После бомбежек Хиросимы и Нагасаки, в которых США продемонстрировали миру всю разрушительную силу нового оружия, стало ясно: США применят ядерную бомбу против СССР без малейших колебаний. Собственно говоря, первый залп той «холодной войны» прозвучал там, где, вполне возможно, прозвучит первый залп новой, «горячей войны» – он грохнул в Иране, в 1946 году. Тогда от СССР в ультимативной форме потребовали оставить север Ирана, который советские войска заняли во время Великой Отечественной войны – в противном случае США пригрозили разбомбить советские базы в Иране. Пришлось отступать.

[67]67
  Vis vi repellitur – Насилие отражается силой.


[Закрыть]

Поэтому задачей СССР при создании первых реакторов была скорость, скорость и только скорость. Никто о производстве электроэнергии на этих быстрых реакторах даже и не думал – до БН-600 еще надо было ждать долгие 30 лет. Об их собственном энергопотреблении военные заботились весьма мало, точнее никак, и первые военные и исследовательские реакторы в СССР и в США энергию не только не производили, но и неслабо в себя потребляли. При этом все движения по Атомному проекту надо было делать скрытно и не привлекая внимания США.

Даже выбор строительной площадки под знаменитый сейчас комбинат «Маяк», тогда включавший в себя лишь первый ураново-графитный реактор на быстрых нейтронах «Аннушка» (А-1), осуществляли исходя из потребностей как-то скрыто организовать принудительное охлаждение первого советского промышленного реактора и спрятать его от посторонних глаз. Озеро Кызыл-Таш на Южном Урале было указано как хороший вариант самим Курчатовым: охлаждаемый градирней реактор был бы виден зимой с воздуха по пару, а при использовании озера без градирни пар был бы уже не столь отчетливо виден на аэрофотоснимках. Ну и общая удаленность и от границ, и от собственных городов тоже дополняла картину общей секретности проекта.

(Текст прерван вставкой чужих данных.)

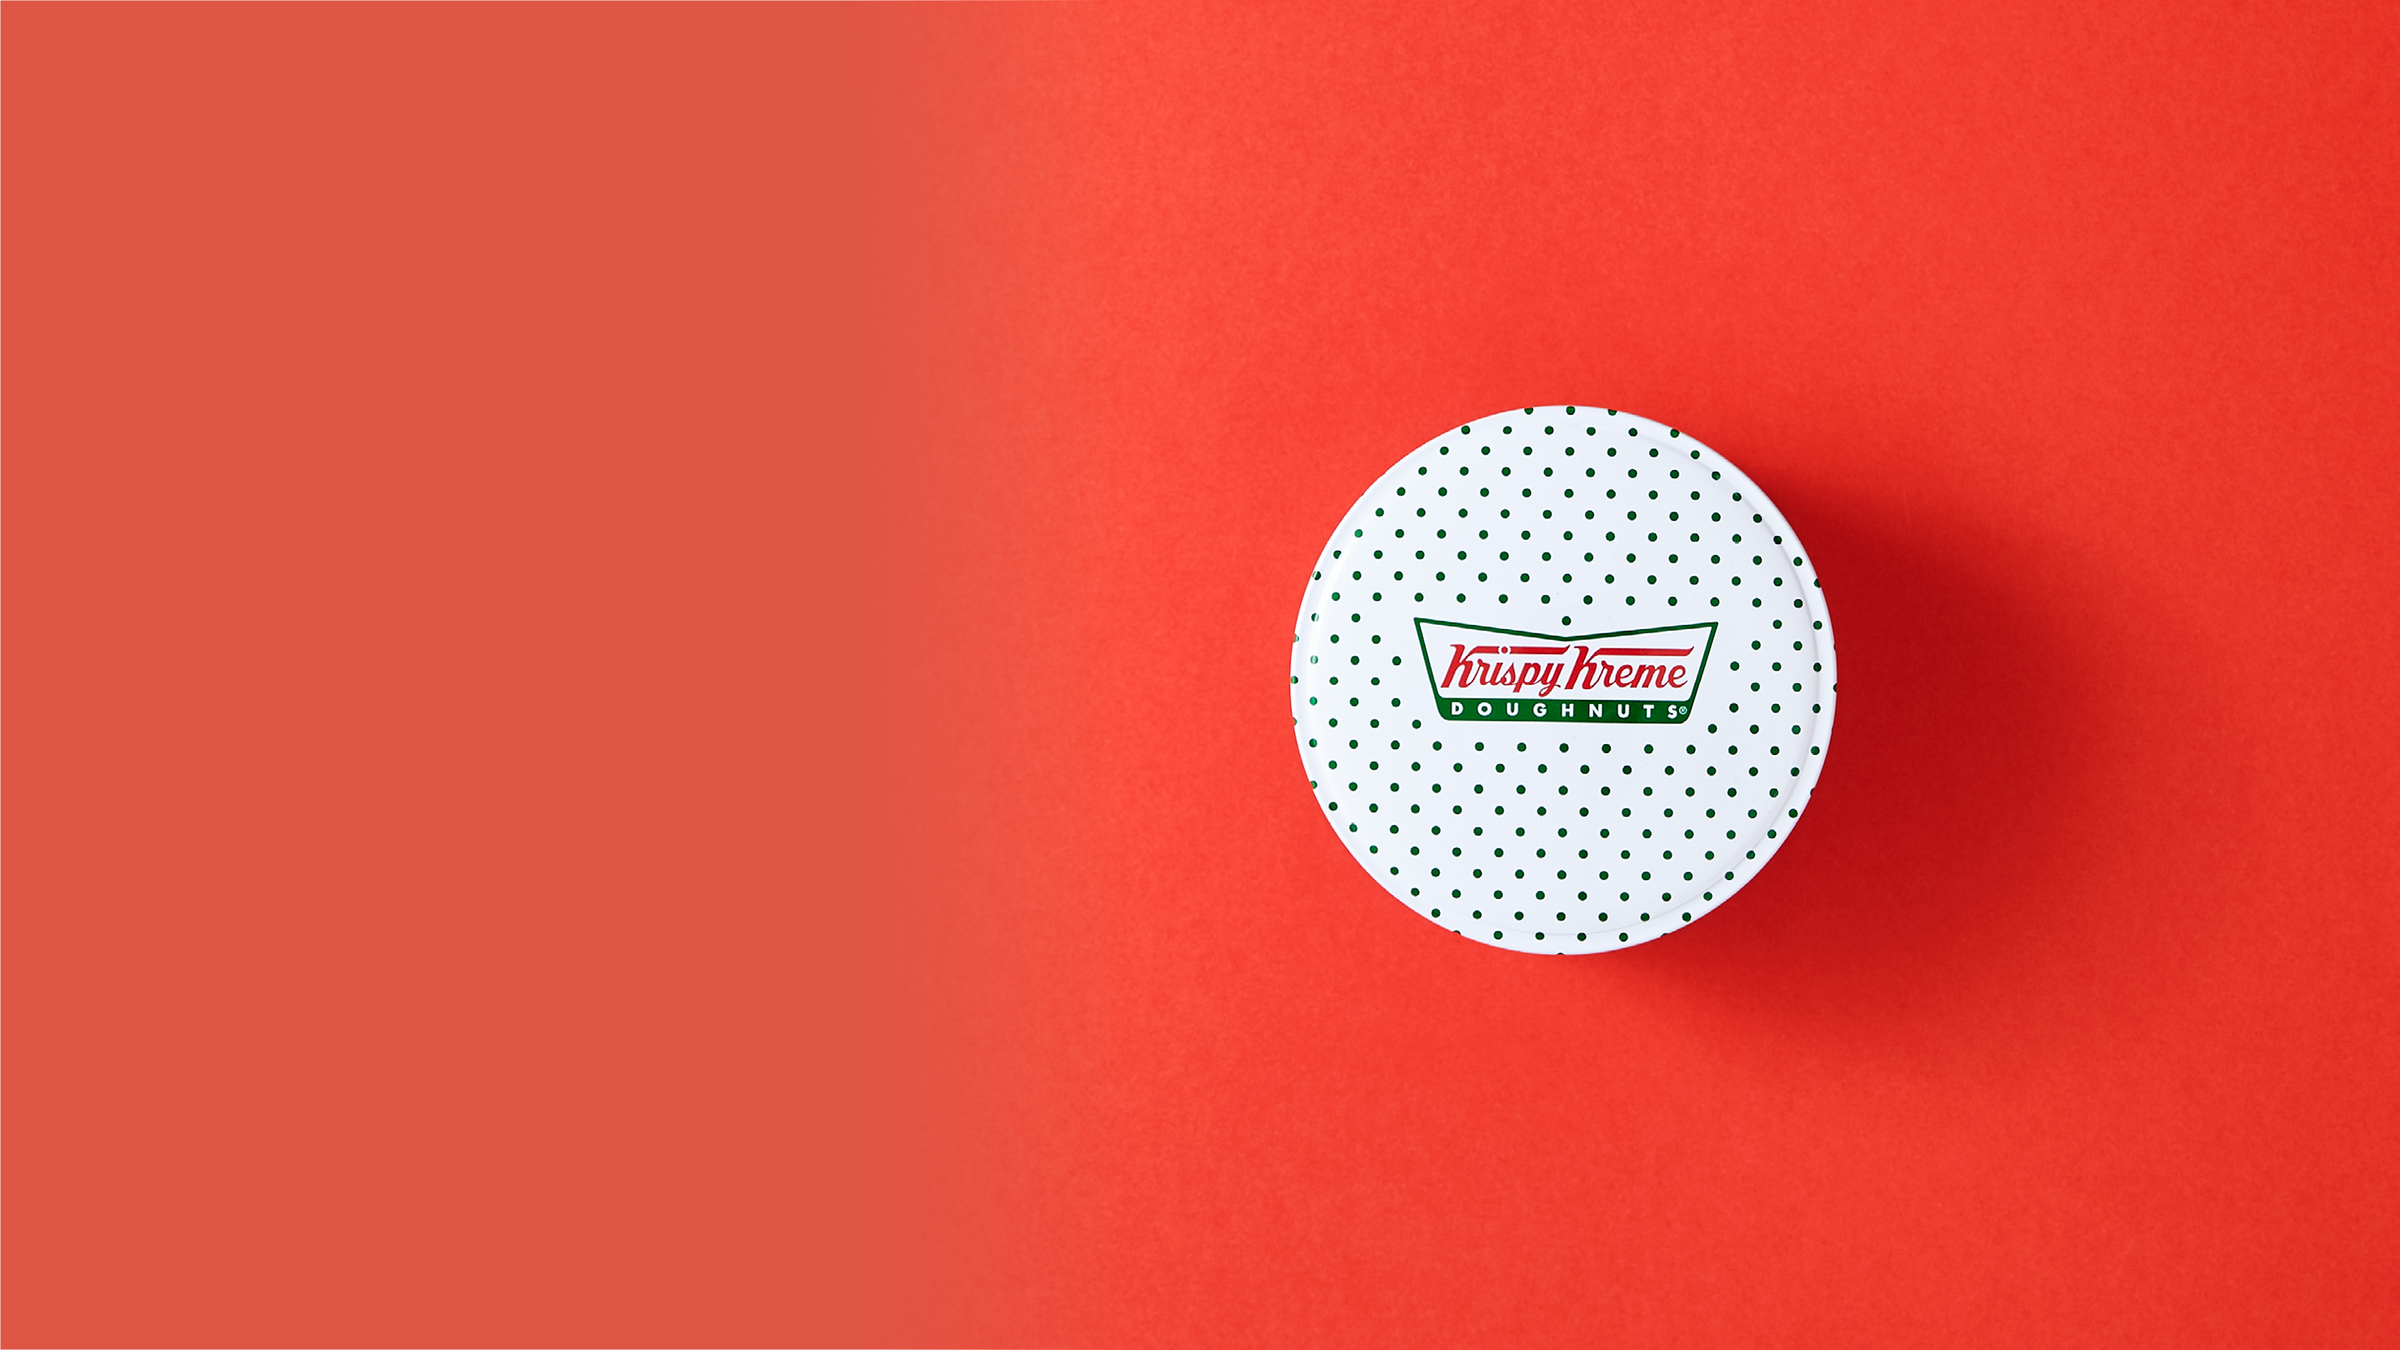 Eine Donut-Dose von Krispy Kreme vor rotem Hintergrund.

Что интересно, проект «Аннушка» был совершенно отличным от американских реакторов-наработчиков плутония. Для «Аннушки» советские инженеры выбрали вариант компоновки не с горизонтальными, а с вертикальными каналами для уранового топлива и замедлителя. То есть, как и в случае тетрафторида урана вместо закиси-окиси урана, инженерные решения советского атомного проекта были не идентичными, не параллельными, а строго перпендикулярными американскому проекту «Манхэттен». Который-то и американским можно назвать сугубо условно – нефтяной динозавр по жизни пользовался услугами «импортных» ученых. Свои-то ученые на американской земле почему-то росли плохо, а рожала она по большей степени таких «гуманистов», как генерал Гровс.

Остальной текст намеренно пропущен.